As Dr. Bruce Reider observes in an editorial accompanying the study, these champion athletes are by definition “outliers,” ahead of the crowd. Even among elites, however, there are variations. Dr. Reider is optimistic about the prospects. “Although age-related decline in our athletic patients may be inevitable,” he writes, “studies have shown that continued or renewed training can mitigate its progression, even in nonagenarians [90 to 100 year-olds].”
Let’s look at training.
Training to Survive and Thrive
This study is only the first step in understanding the relationship between age and performance. The next question is: How can athletes and nonathletes do better? Preserving and improving muscle strength and aerobic capacity are key factors.
Drs. Wright and Perricelli point the way in the “Discussion” portion of the study.
“Muscle power is lost at a greater rate than endurance capacity,” they report, “3.5% versus 1.8% per year.” That makes strength training a top priority.
A decrease in the size and number of muscle fibers with age is a significant factor; fast-twitch fibers are particularly vulnerable. “Individual fibers shrink approximately 30% between the ages of 20 and 80,” the doctors relate. “Paralleling the decline in performance seen in the study, muscle fiber number declines modestly until the age of 50 years, and increases more rapidly thereafter.” The nerves that activate muscle cells also degenerate, which adds to the problem. “Muscle cells require stimulation from motor nerve cells to live, and without it, they too atrophy,” the doctors explain. Use it or lose it.
Aerobic exercise alone will not maintain muscle mass, say Wright and Perricelli. “Only strength-trained seniors [have] muscle mass and composition similar to that of young controls,” they report.
“All these factors point to the critical need for resistance training after the age of 50 years for maintenance of muscle strength,” the doctors conclude.
Aerobic or endurance capacity must not be neglected, of course.

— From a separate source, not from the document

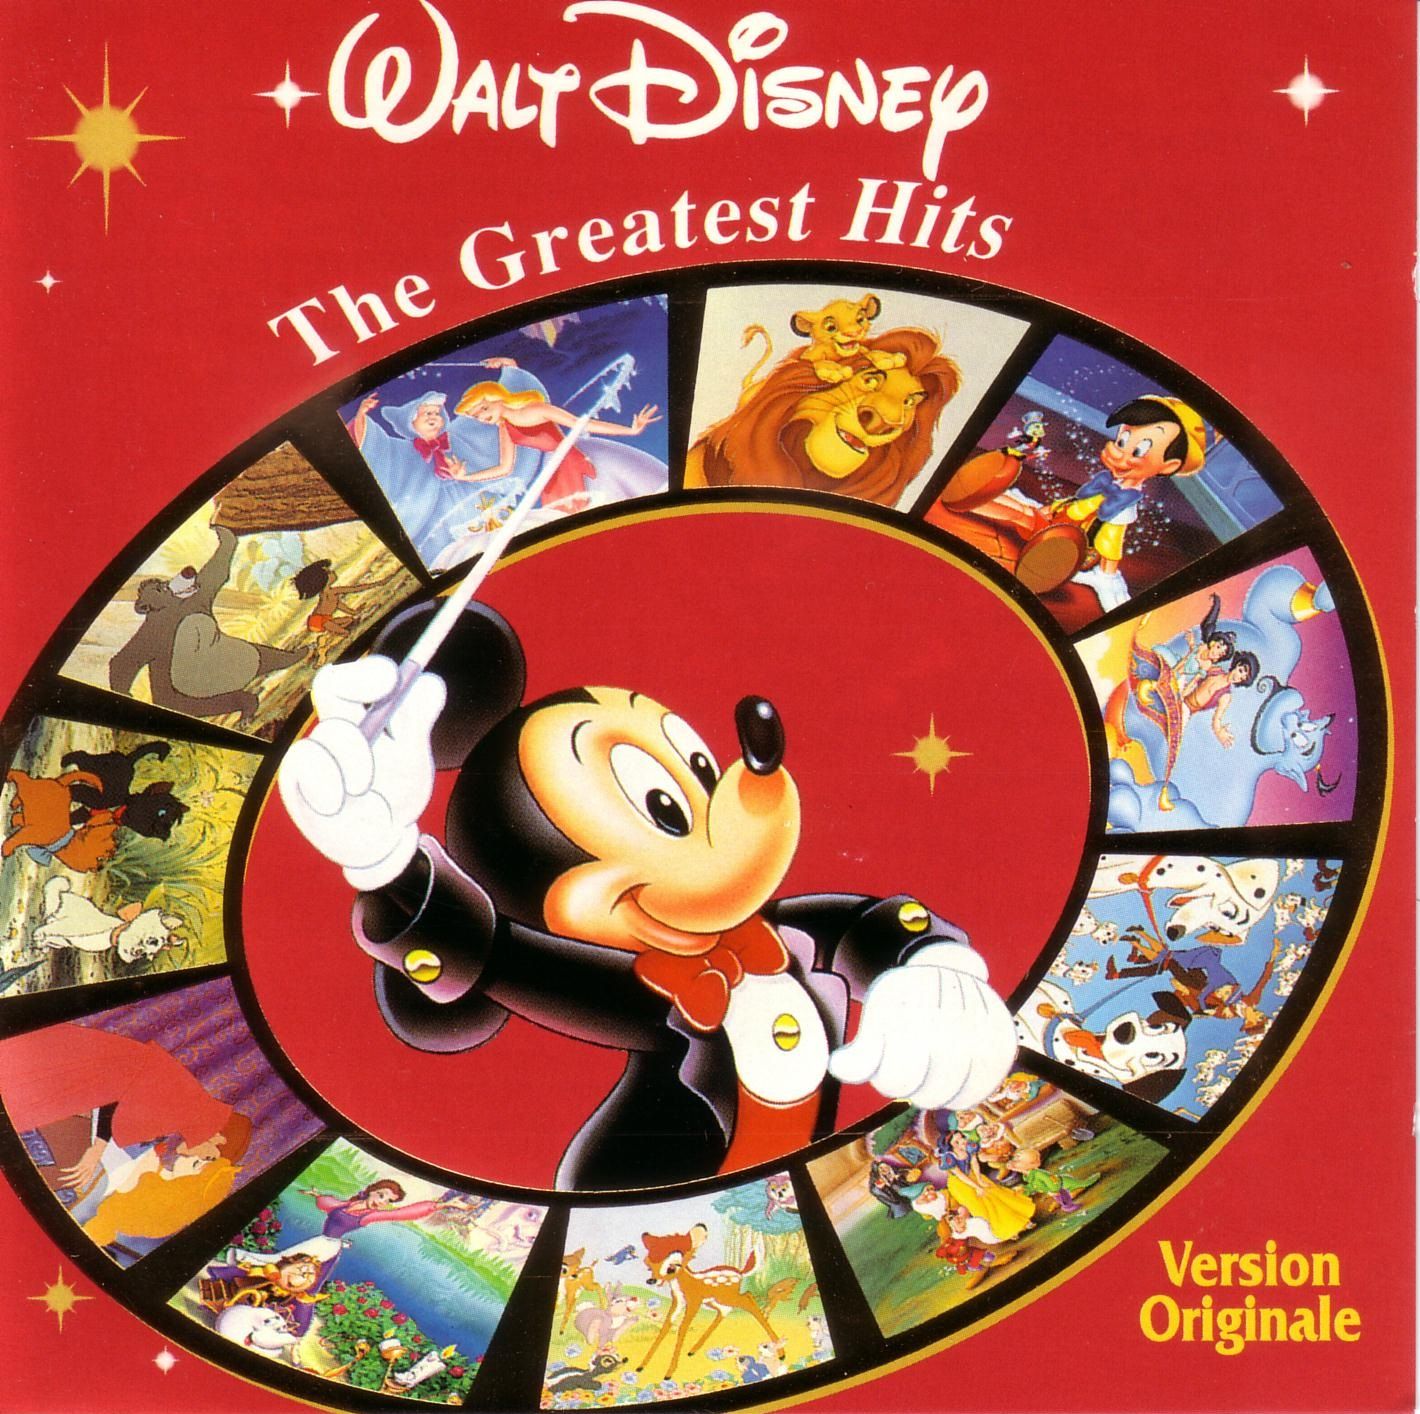 Walt Disney The Gre Disney Cd Covers Cover Century Over 1 000 000 Album Art Covers For Free
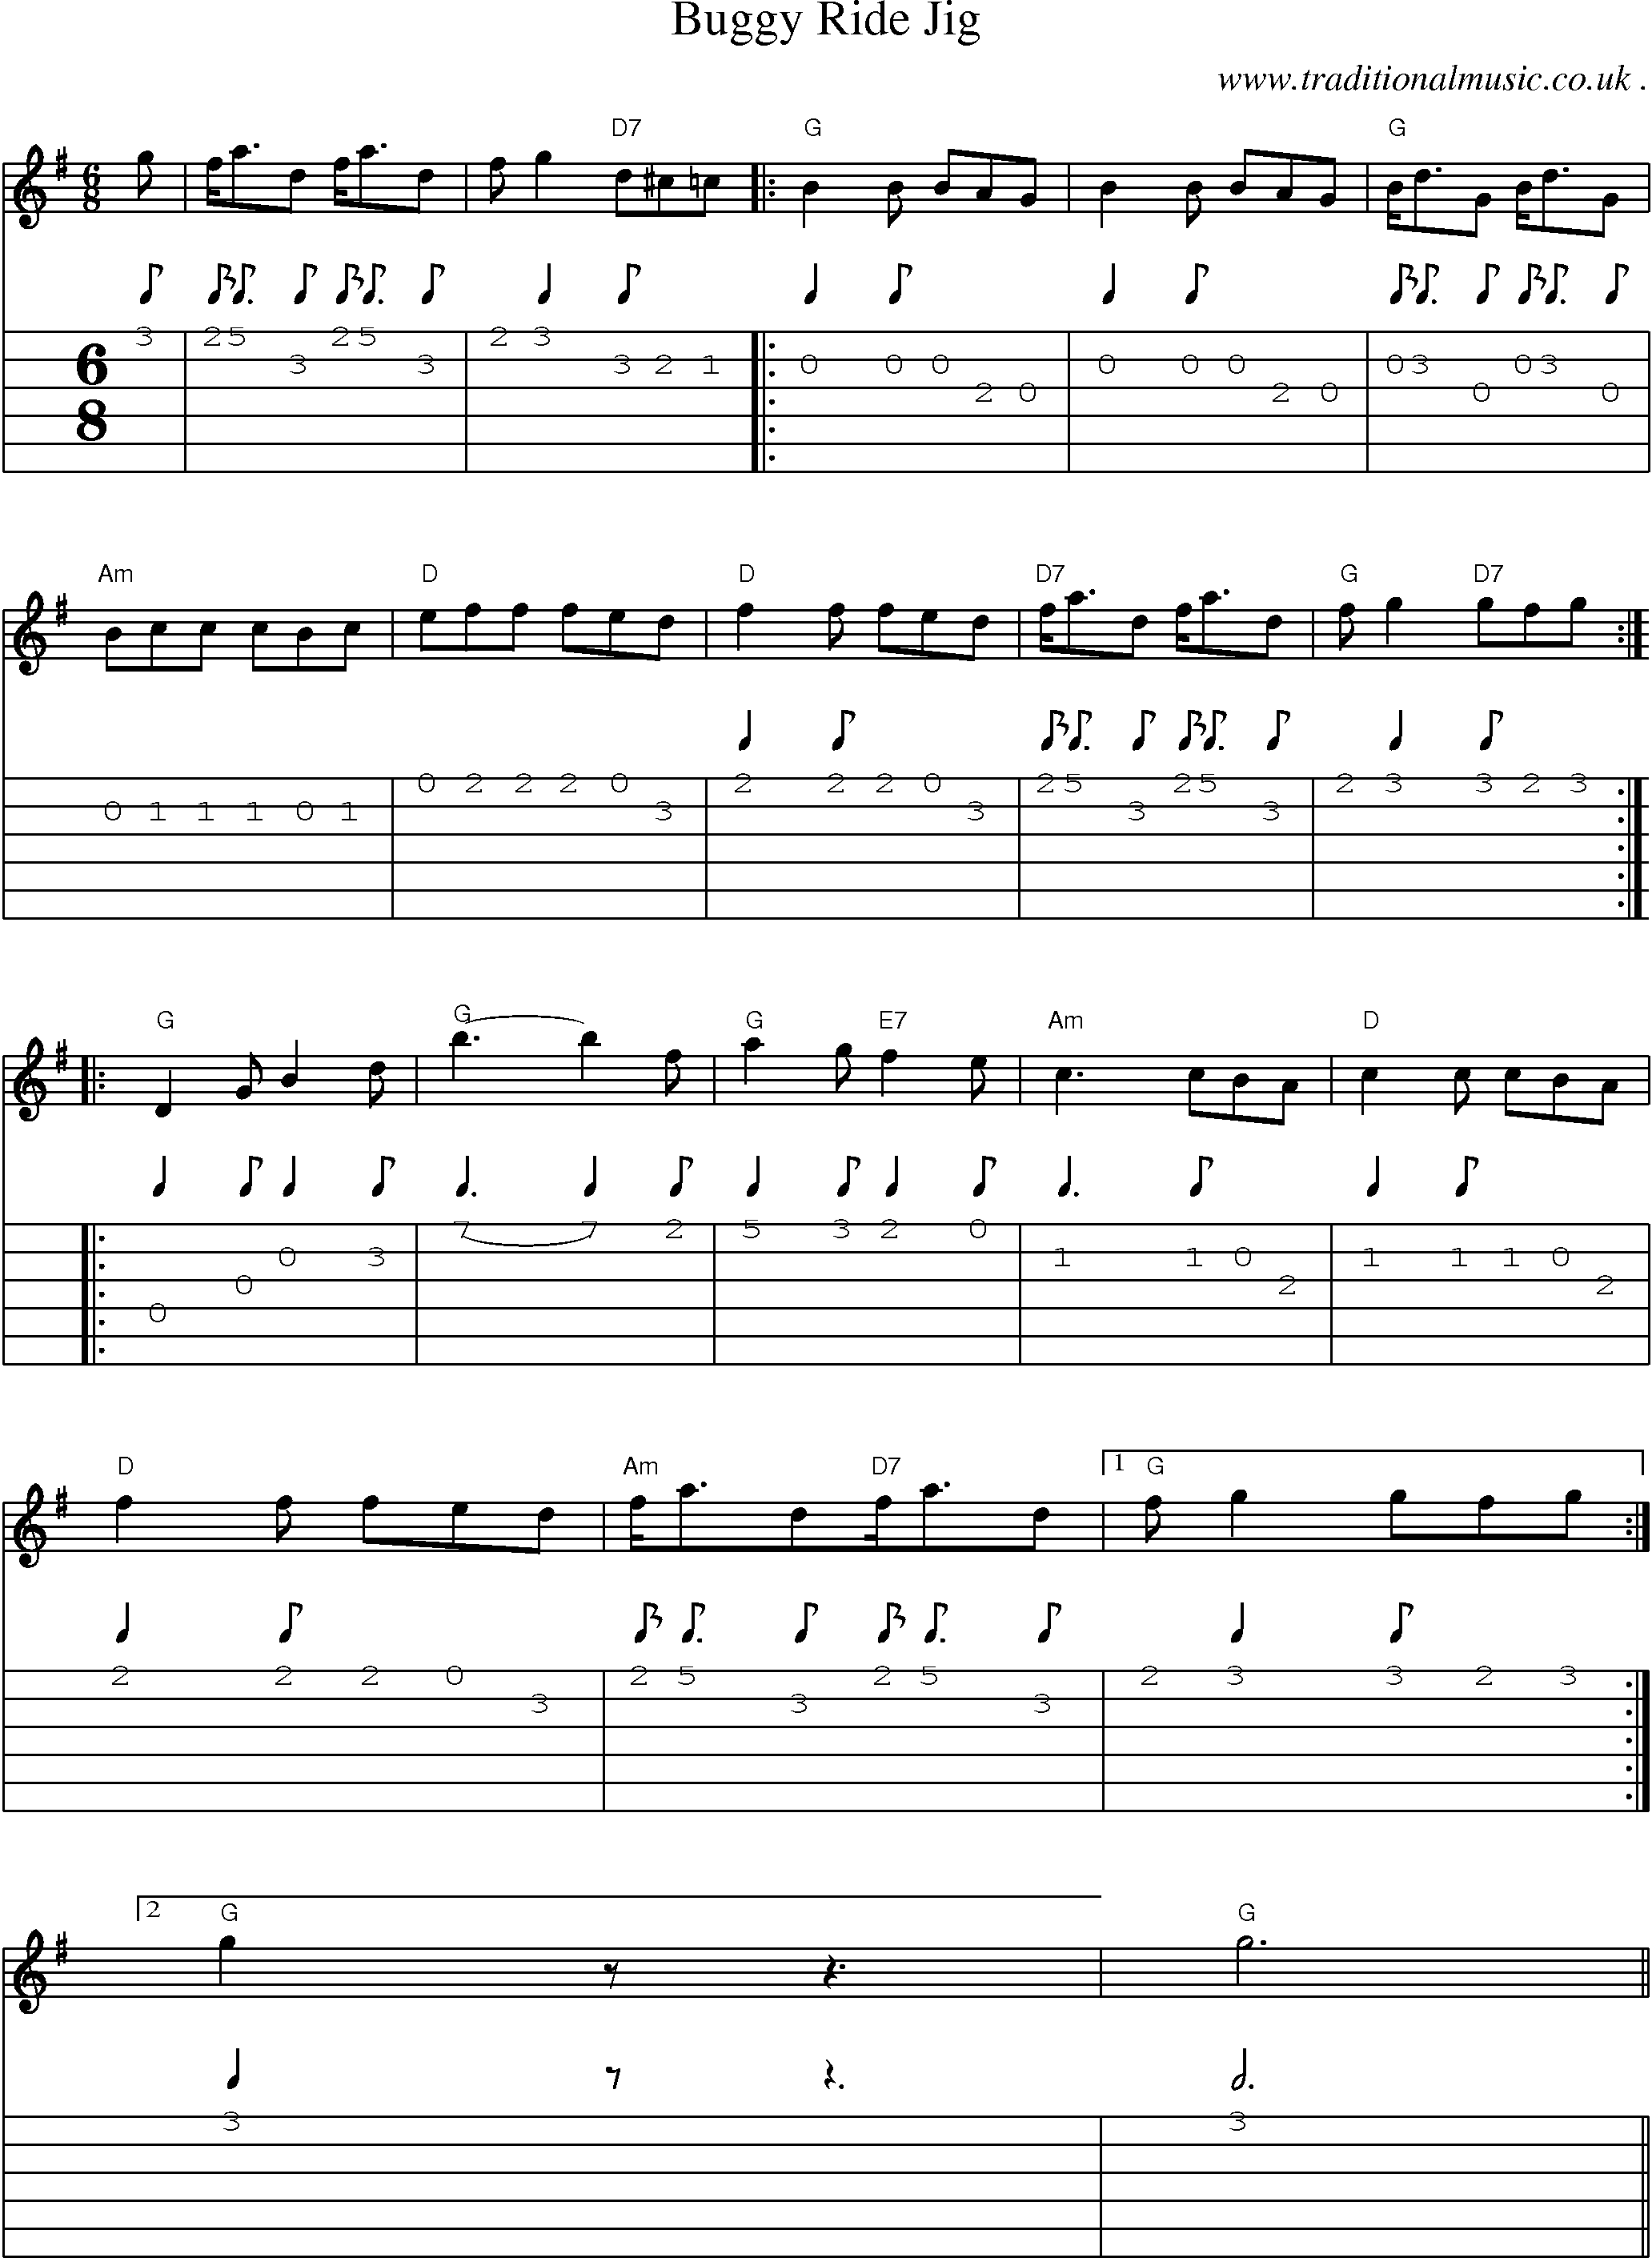 Sheet-Music and Guitar Tabs for Buggy Ride Jig

“Reductions in VO2max are believed to be the primary reason for a decline in functional endurance with aging,” the researchers state. The answer is “intense habitual exercise,” which maintains cardiac output. “As training levels decline, so does the VO2max,” they write. High-intensity aerobics is the key, not long, slow endurance training. Break out of the “aerobic zone.” Challenge your maximum heart rate. Again, use it or lose it.
Intensity Over Volume
New York Times fitness writer Gina Kolata confirms the primacy of hard, brief training in her January 31, 2008 column “Staying a Step Ahead of Aging.”
“You have to know how to train, doing the right sort of exercise, and you must keep it up,” she writes.
Kolata went to Steven Hawkins, an exercise physiologist at the University of Southern California, for guidance. “When you have to choose between hard and often, choose hard,” he told her. “High performance is really determined more by intensity than volume,” he added. “When you’re older, something has to give. You can’t have both so you have to cut back on the volume. You need more rest days.”
Hawkins practices what he preaches. “I run a couple of times a week and I try to make it as fast as I can,” he told Kolata.
That’s it. Hard weights. Hard aerobics. Rest.
That threesome will keep you going strong longer than you ever dreamed possible.
(Check with your doctor if you’re out of shape or have health problems.)